Herman Miller's "The Benefits of Pelvic Stabilization"
One of the highest compliments an office chair can be paid is to be called "ergonomic." It's also, of course, one of the highest goals. The best office chairs in the world, Aeron among them, and the finest furniture houses in the world, Herman Miller among them, are in a race to build the most absolutely comfortable, supportive, clever, and ergonomic office chair on the market. From the day it came out, the Aeron Chair has clearly had a very strong grip on that title. The chair takes ergonomics in office chairs to a new height, doing everything possible to make sitting, working, and moving in the chair as comfortable, healthy, and supportive as possible. Of course, that's the most important thing in ergonomics; without excellent comfort in whatever product is being improved, the user can't achieve the full effect of increased productivity and ease. If the user isn't comfortable, then the user can't give his or her absolute attention and energy to all the other issues the ergonomic product seeks to solve.

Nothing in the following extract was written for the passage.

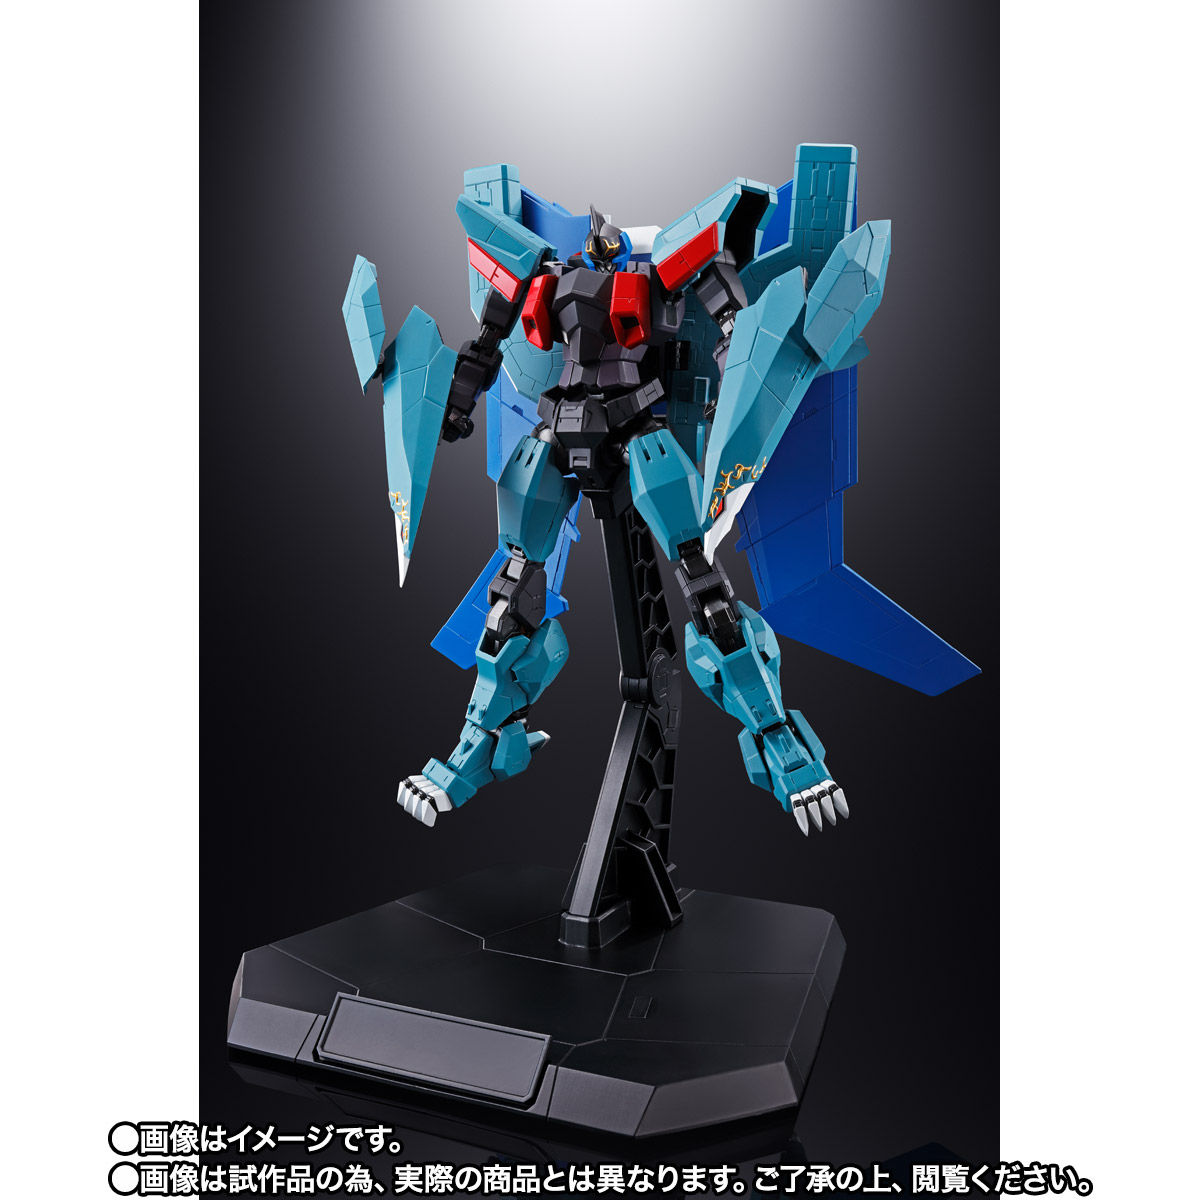 【限定販売】超合金魂 GX-94『ブラックウイング』超獣機神ダンクーガ 可変可動フィギュア-004

The Aeron Chair is, before anything else, a very comfortable office chair. But even beyond that, there is no facet of ergonomic chair research that the Aeron design team did not address or, in some cases, rewrite as they designed. The list of attributes and features of the chair reads like an index of ergonomic discoveries and innovations, creating a chair of excellent ergonomic strength and expertise. When you buy the Aeron Chair, make no mistake: you are buying one of—if not the—most ergonomic chairs on the market. Perfect for long days at work, perfect for long periods of sitting, and perfect for getting your work done as efficiently and easily as possible, Aeron rocks.
Thorough ergonomic criteria show reason to buy an Aeron Chair with PostureFit technology
Pelvic alignment can be reached in two ways. The first is by reclining, a chair increases the angle between the torso and thigh. The second way, in the case of an upright posture, is to stabilize the sacral-pelvic area to maintain a forward pelvic tilt.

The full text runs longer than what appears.